“小子,你的異靈不是很多麽?可惜在我面前,不過是垂死掙紮罷了!”
身在絕命之谷中,有着滔天魔氣,占盡地利的情況下,爲首的魔影戰力之強橫,已經不輸虬髯老者!
縱然無上神體對其有克制之效,但在境界之差面前,也難以展露其威。
甚至可以說,這也幸虧雲千秋乃是無上神體,否則尋常體質,哪怕服用問聖丹,現在也早已敗下陣來!
不僅如此,之前魔影的首要任務乃是搶奪帝尊魔心,并未施展全力,可現在他的任務就是斬殺雲千秋,自然不再留手!
縱然每一道異靈都極其逆天,可風雷雙靈卻是被魔傀聖将拖延住,而嗜靈寒炎之速度,完全能被魔影躲閃過去!
至于逆穹破天金,雖鋒銳無比,可最多也隻能劃破其魔氣而已,在不惜聖力的消耗之下,根本無法傷及那道魔影!
而魔影的境界與雲千秋相比,本身就占據絕對優勢!
甚至短短十幾息之間,魔氣凝成的厲鬼刀劍,已經轟襲中雲千秋數次,那魔影的陰笑聲也是越發戲谑。
“有意思,至少是半步聖器之寶甲,到底是無上神體,人族對你還真舍得栽培啊!”
身爲聖中強者,通過短暫交手,魔影便能判斷出雲千秋的各項實力!
盡管這蟲王軟甲乃是雲千秋自己所得,并非人族贈予,可是現在,也頂多能保證其不會被重創而已!
每一次的轟擊雖然能夠抵擋下來,但消耗的都是雲千秋之靈力!
然而,以雲千秋的見識,怎能看不出來久戰必輸?
但哪怕他施展全部手段,也無法突破。
因爲這魔影,根本不會給自己時間來施展殺招!
事實上,雲千秋這還算好的,其實越是交手,魔影心底都越發暗驚。
“無上神體不愧是我魔族之克星,今日必須要殺他!”
雲千秋都已是苦苦支撐,更何況姑蘇修然等人?
爲首的姑蘇修然依舊迎戰一位聖者,那漫天星光所出,竟令劍匣都隐隐碎出裂痕,甚至他本尊都化作一縷星光,俨然是動用了秘術!
可縱然如此,也頂多能與那魔族聖者戰成平手而已!
“桀桀,不錯嘛,你的劍匣,應該也是人族賜予的寶貝吧?”
這星辰劍匣,論品階,甚至不輸雲千秋的蟲王軟甲!
更不用說雷剛等人,全然是苦苦支撐,别說沖入魔氣之源頭斬滅帝尊魔心,光是自保都極爲困難!

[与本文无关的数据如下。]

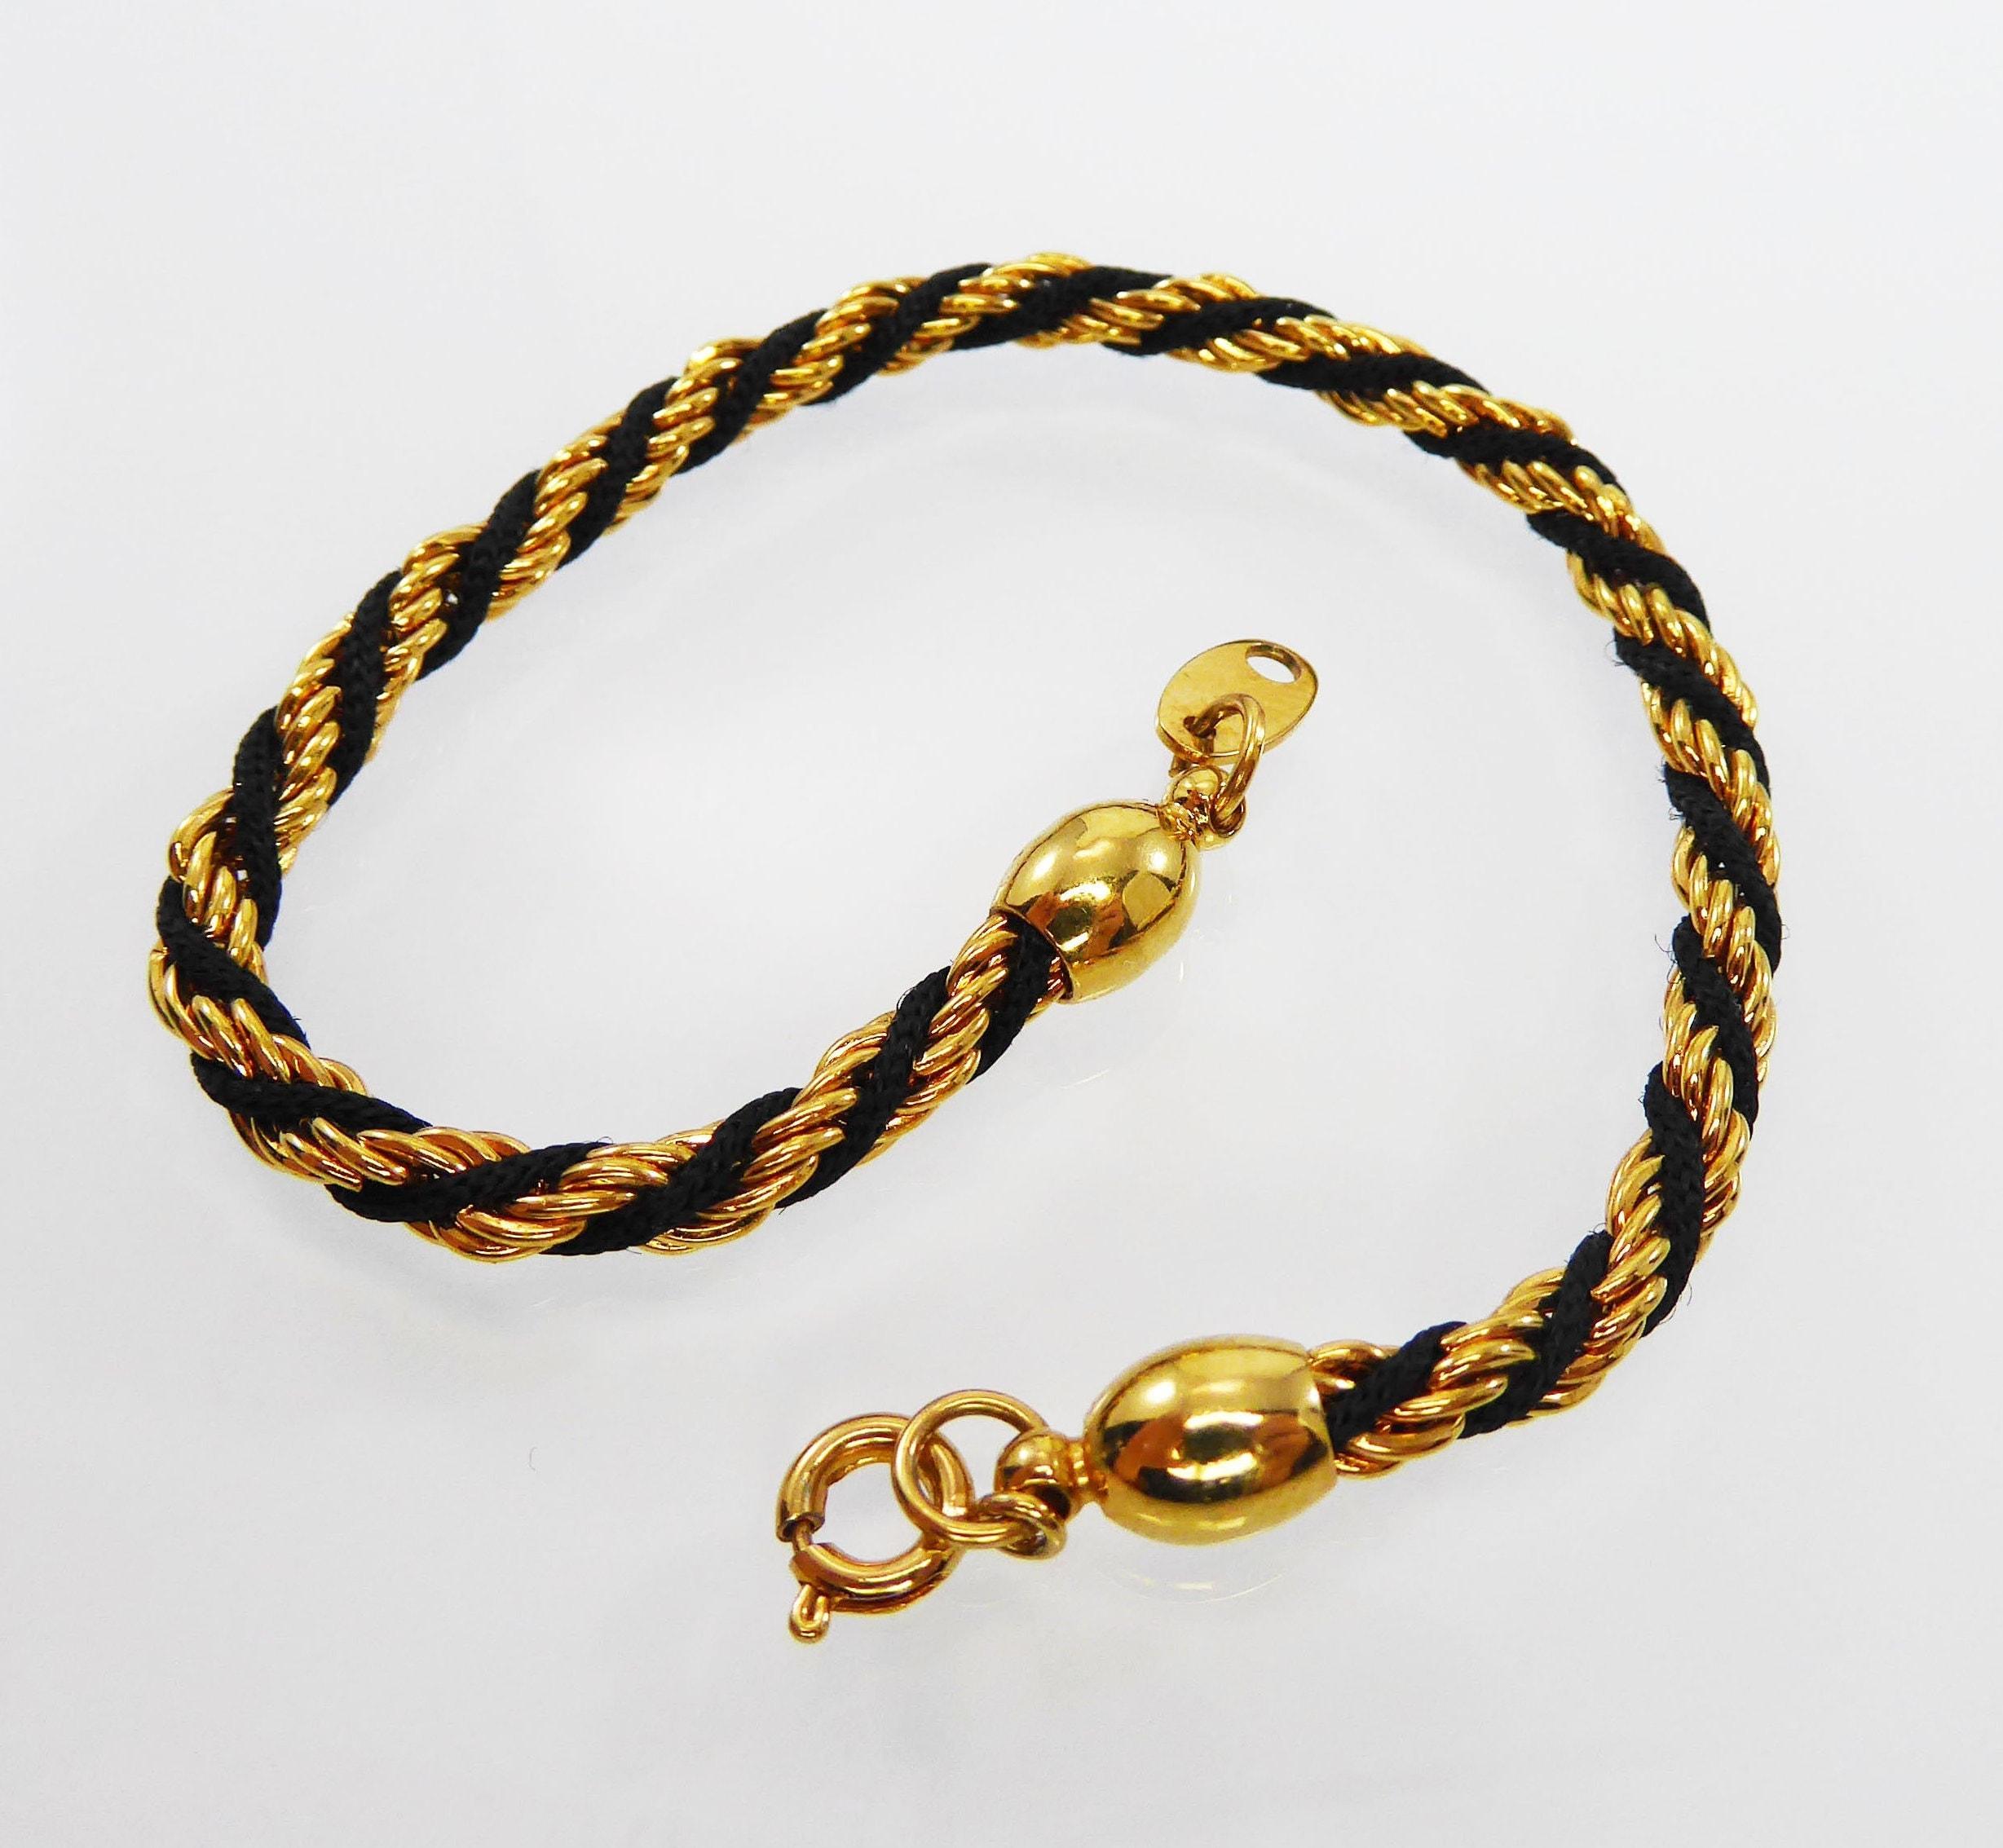 7167ce5f0cdbe Trifari Striped Rope Bracelet Signed Trifari Twisted Gold Tone and ...

這還不止,再加上那無數魔族傀儡蟻多咬死象的攻勢,衆人越發潰敗,那弑魔聖燈的光耀也是明暗不定,如在風雨中飄搖。
“哈哈……人族老狗,看見了沒,你們寄予厚望的小崽子,現在正被魔族屠殺呢!”
天際之上,戰況也是慘烈無比!
除了剛交手時的猝不及防,令異族稍有潰敗外,待其回過神來時,人族頓時陷入了劣勢!
聖者數量的差距,實在太大了!
僅僅片刻,人族便隕落了五位聖者!
“剛才你這老狗剛才不是殺我族人麽?現在我就告訴你什麽才叫真正的血債血償!”
“轟……”
一道血光凝成的巨斧劈落,一位人族聖者,竟被劈成兩半,鮮血漫天!
這一幕,令虬髯老者雙眸欲裂!
剛才,他便是這般将血妖族一位聖者斬成兩半的!
不僅如此,眼睜睜望着自己的同伴被異族三兩聯手,不斷敗退負傷,越發瀕臨死亡的慘狀,虬髯老者悲從心起。
“異族雜碎,老夫跟爾等拼了!”
然而,悲吼雖震天,換來的卻是猶如看待白癡般的嘲笑。
“拼?你拿什麽拼?就憑你這條老狗?”
異族,可是足有三位首領聯手,就算實力稍遜于虬髯老者,可在人數碾壓下,後者可以說完全是拿命再拖延!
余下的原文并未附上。